Most Labour supporters don’t realise how muscular their own tradition will have to become to survive what’s coming

Sir Keir Starmer works during a flight to Brazil to attend the G20 summit. Photo: Stefan Rousseau/Getty

In 2016, Trump’s victory shocked me. I suddenly understood then that misogyny and racism had become permanently more powerful drugs than elite, liberal complacency. Still in my pyjamas, I penned a startled op-ed spelling out the consequences: “Globalisation is dead. The American superpower will die.”

This time around, eight years on, I was not surprised. Nor do I feel disoriented or deflated, but coolly determined to face out four more years of right wing chaos. 

We are in a global battle against ethno-nationalism and sexism mobilised in the service of a new oligarchic elite. We can win – but the reactionary populist wave will end only when the centre left correctly identifies what’s driving it, and alters its political priorities accordingly. 

It’s not just politicians who have to change. So do the routine thoughts and actions of the social group that holds progressive politics together: educated professional people who believe in tolerance, women’s rights, the international rule of law, a market regulated for social justice and the primacy of science over superstition – but have no strategy to convince those who don’t.
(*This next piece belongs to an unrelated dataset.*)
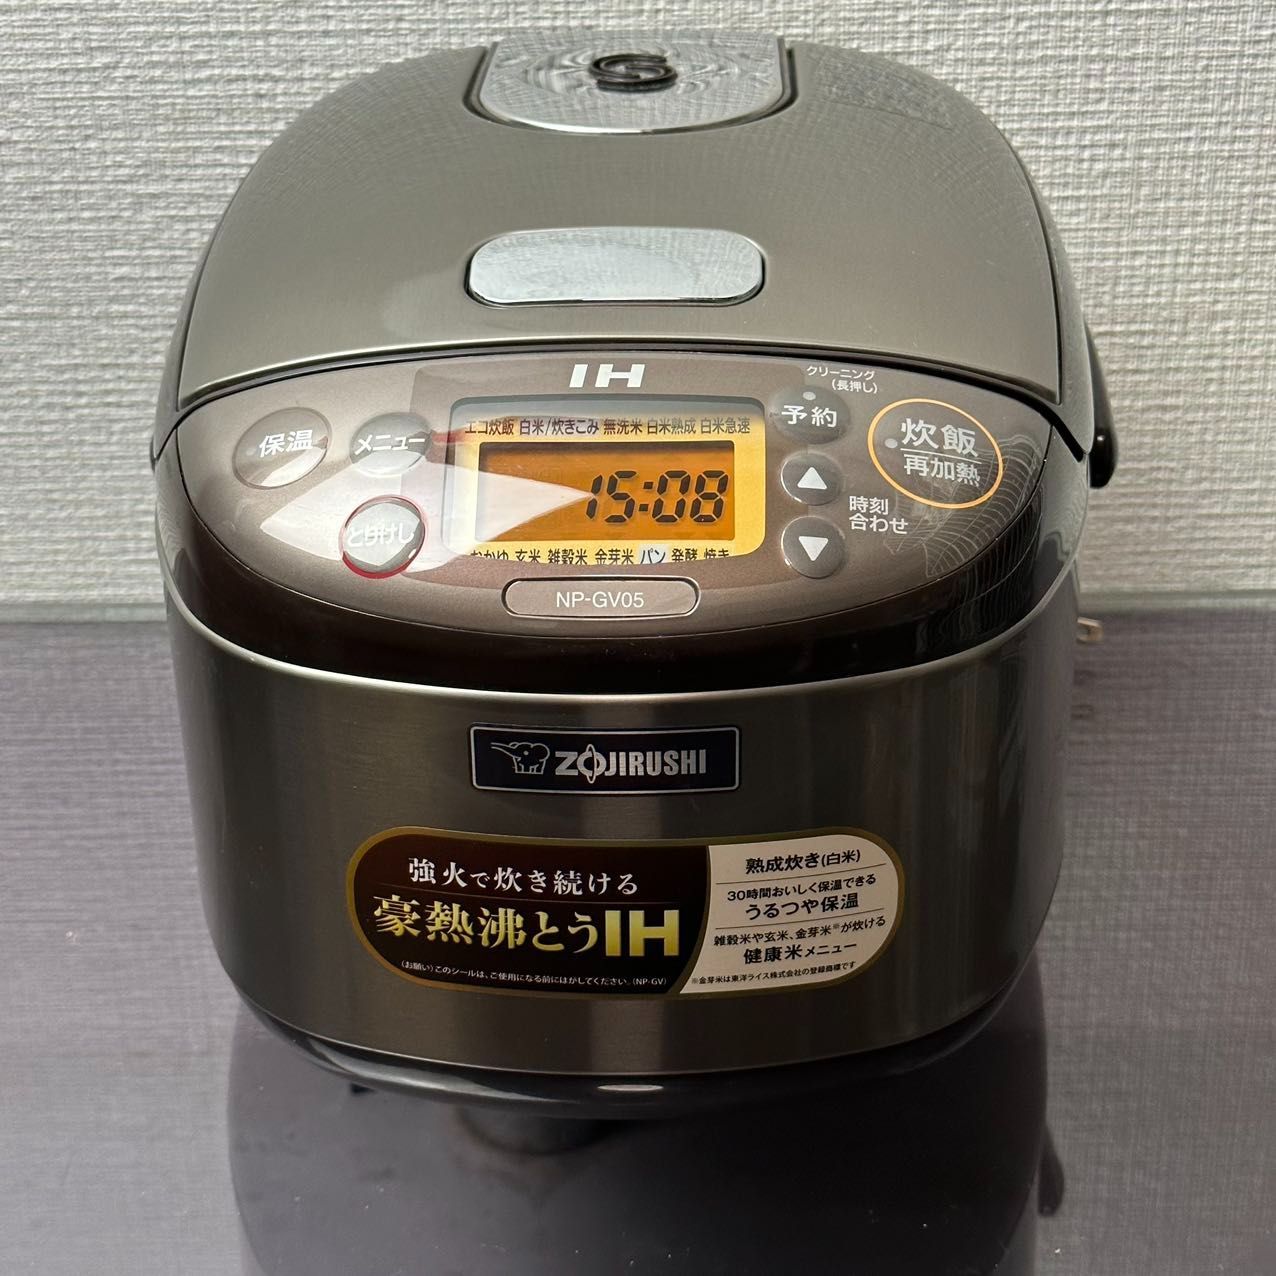 ZOJIRUSHI 象印 IH炊飯ジャー [3合] 極め炊き ステンレスブラウン NP-GK05(XT) - 2

What’s driving the far right surge is, first, the failure of our economic model to deliver rising incomes and wellbeing to ordinary people; second, the determination of a Brahmin caste of economists and political advisers to ignore this fact; third, the obsessional desire by a super-liberal minority to police the language of everybody else, to the detriment of devoting any significant energy to addressing the socio-economic catastrophe being lived by everyone else.

In the heyday of neoliberalism – between, say, 1997 and 2008 – the globalised free market system looked like a positive sum game, domestically and internationally. The promise was that we in the west would do the brain work while the workers of China, Bangladesh and Mexico would make stuff. The west would borrow and consume; Asia would produce and save.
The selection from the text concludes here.